_Provided data:_
[Start of Attachment]

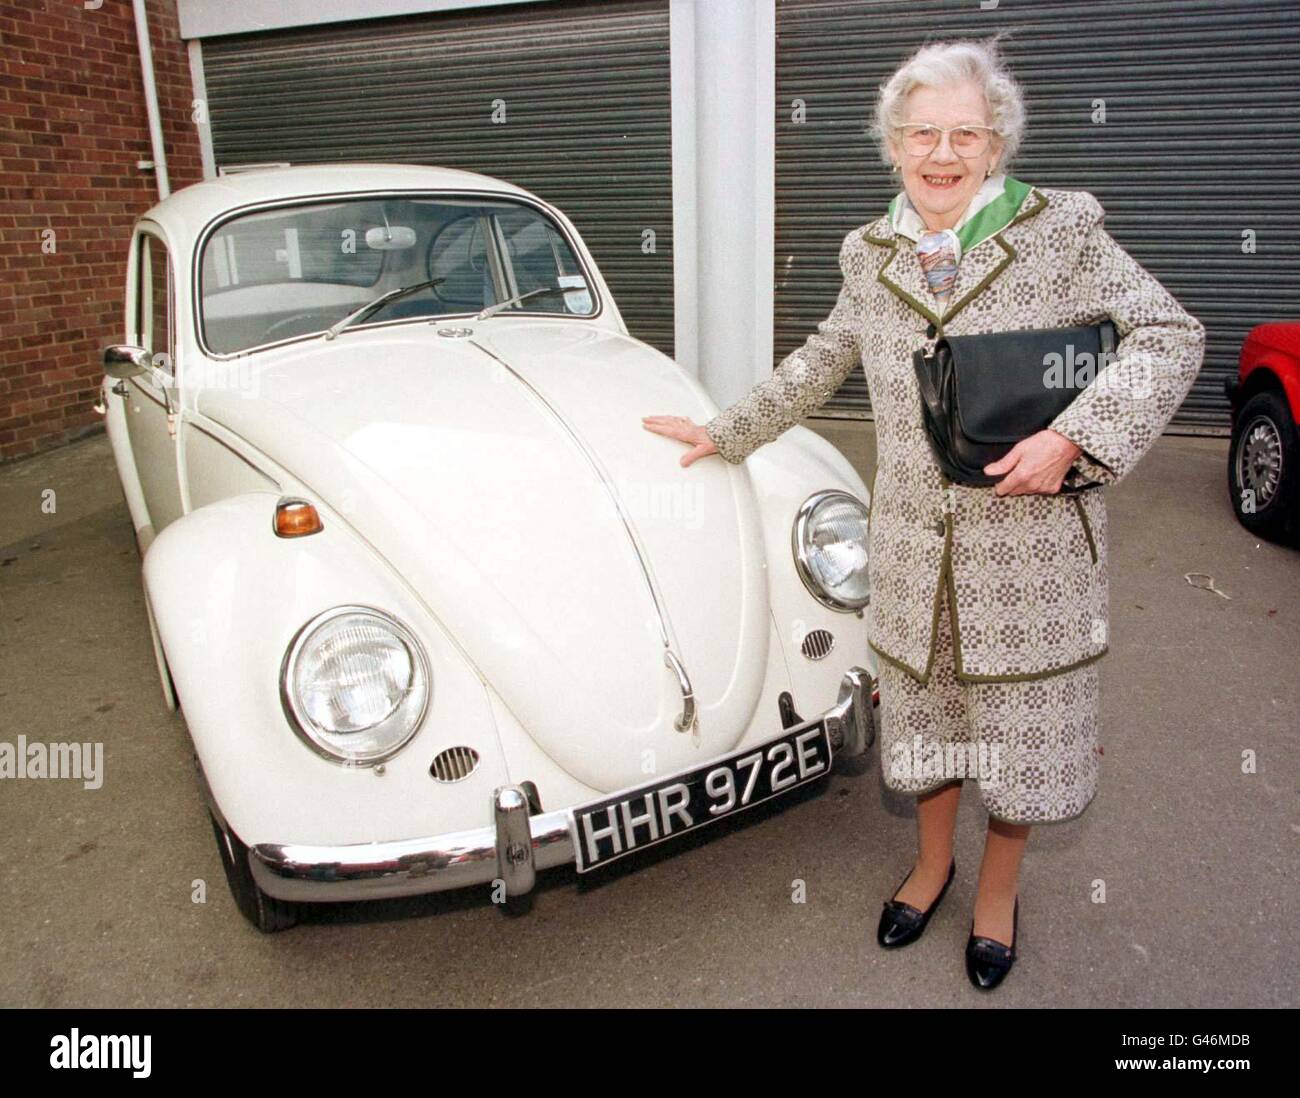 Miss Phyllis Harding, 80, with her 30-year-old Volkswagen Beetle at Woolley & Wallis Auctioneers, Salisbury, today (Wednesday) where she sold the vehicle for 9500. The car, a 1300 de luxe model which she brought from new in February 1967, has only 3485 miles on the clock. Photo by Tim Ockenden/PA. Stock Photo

[End of Attachment]
[Start of Attachment]

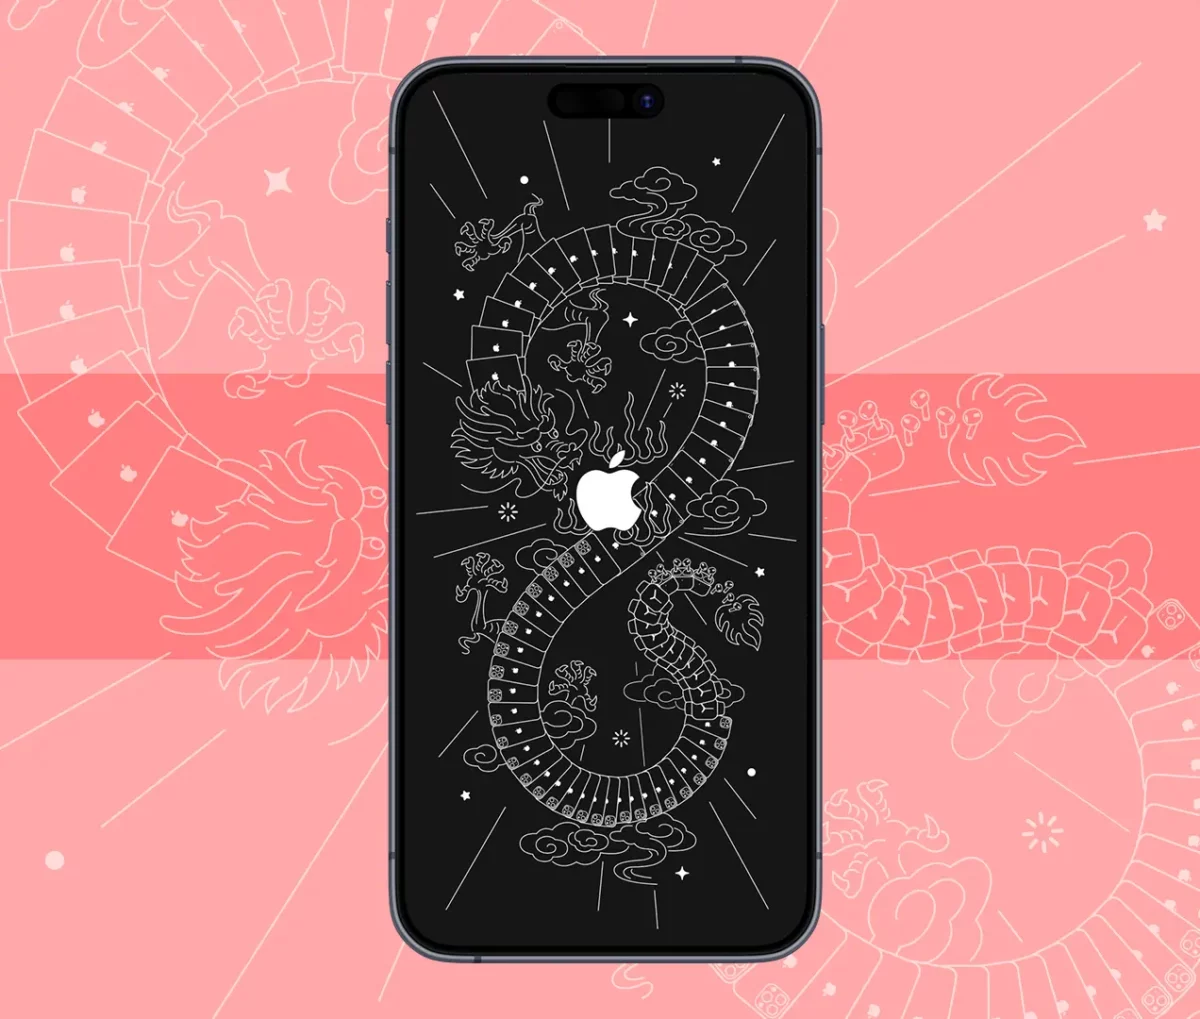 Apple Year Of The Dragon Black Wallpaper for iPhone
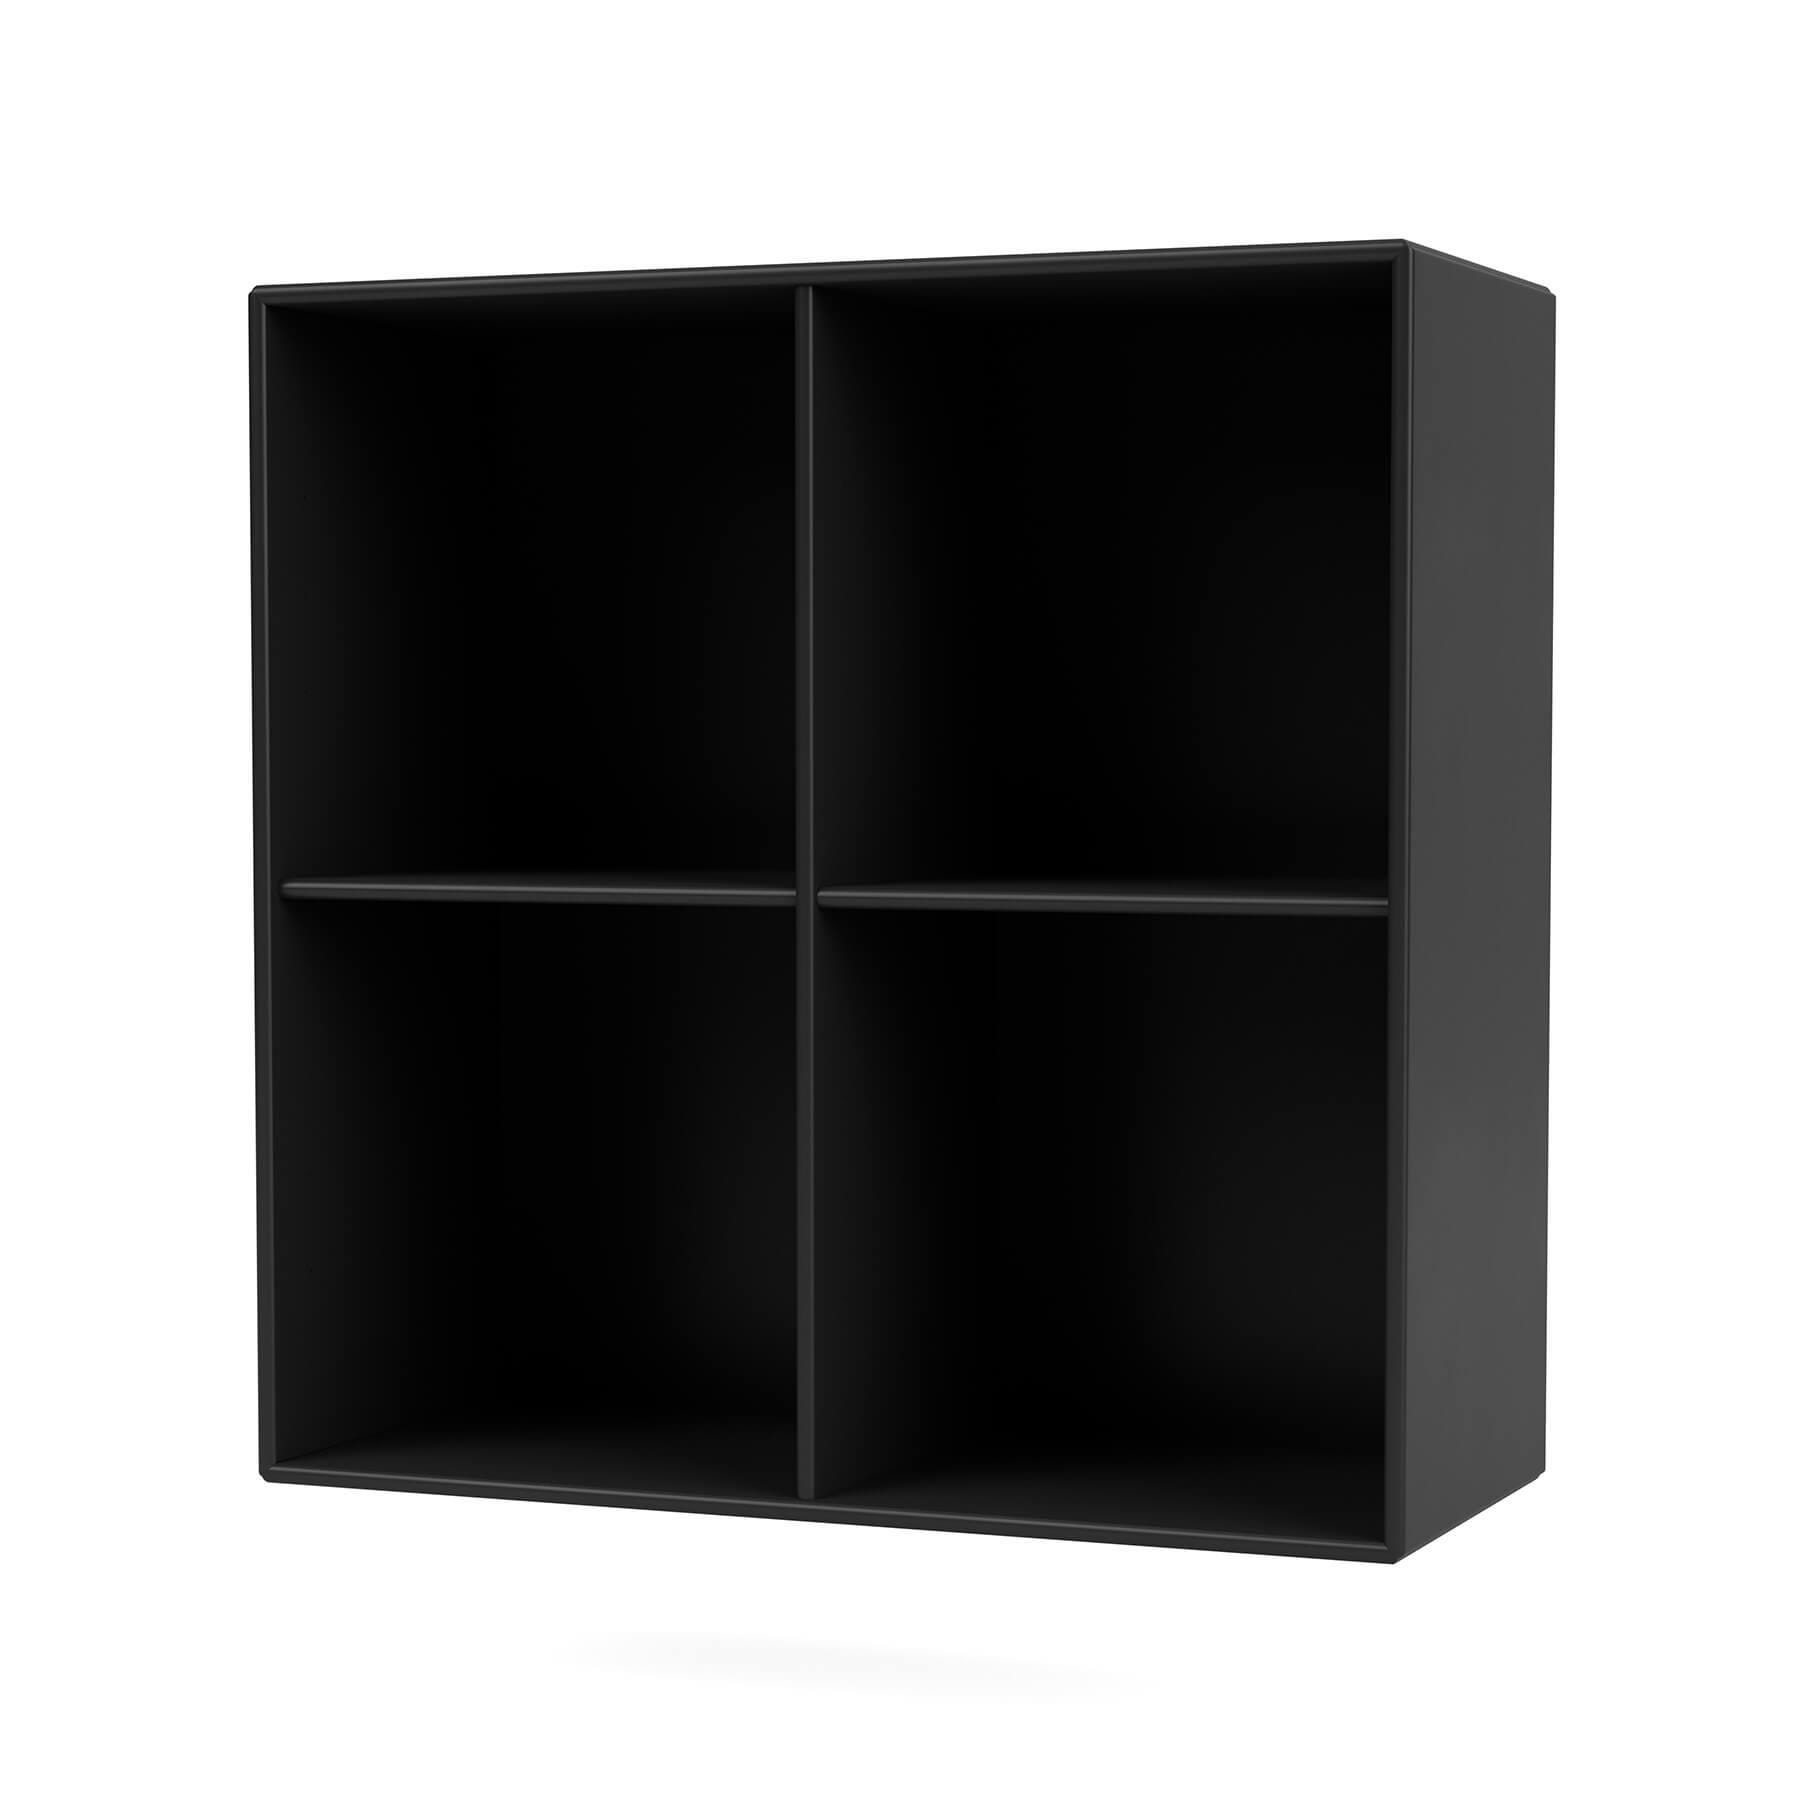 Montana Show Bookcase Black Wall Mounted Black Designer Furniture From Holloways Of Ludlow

[End of Attachment]

_Instructions to follow:_ From the line with "Apple Year Of" up to and including the line with "Montana Show Bookcase" above, retype every line exactly and nothing more; leave out the pictures.

_Response to this task:_
 Apple Year Of The Dragon Black Wallpaper for iPhone
 Montana Show Bookcase Black Wall Mounted Black Designer Furniture From Holloways Of Ludlow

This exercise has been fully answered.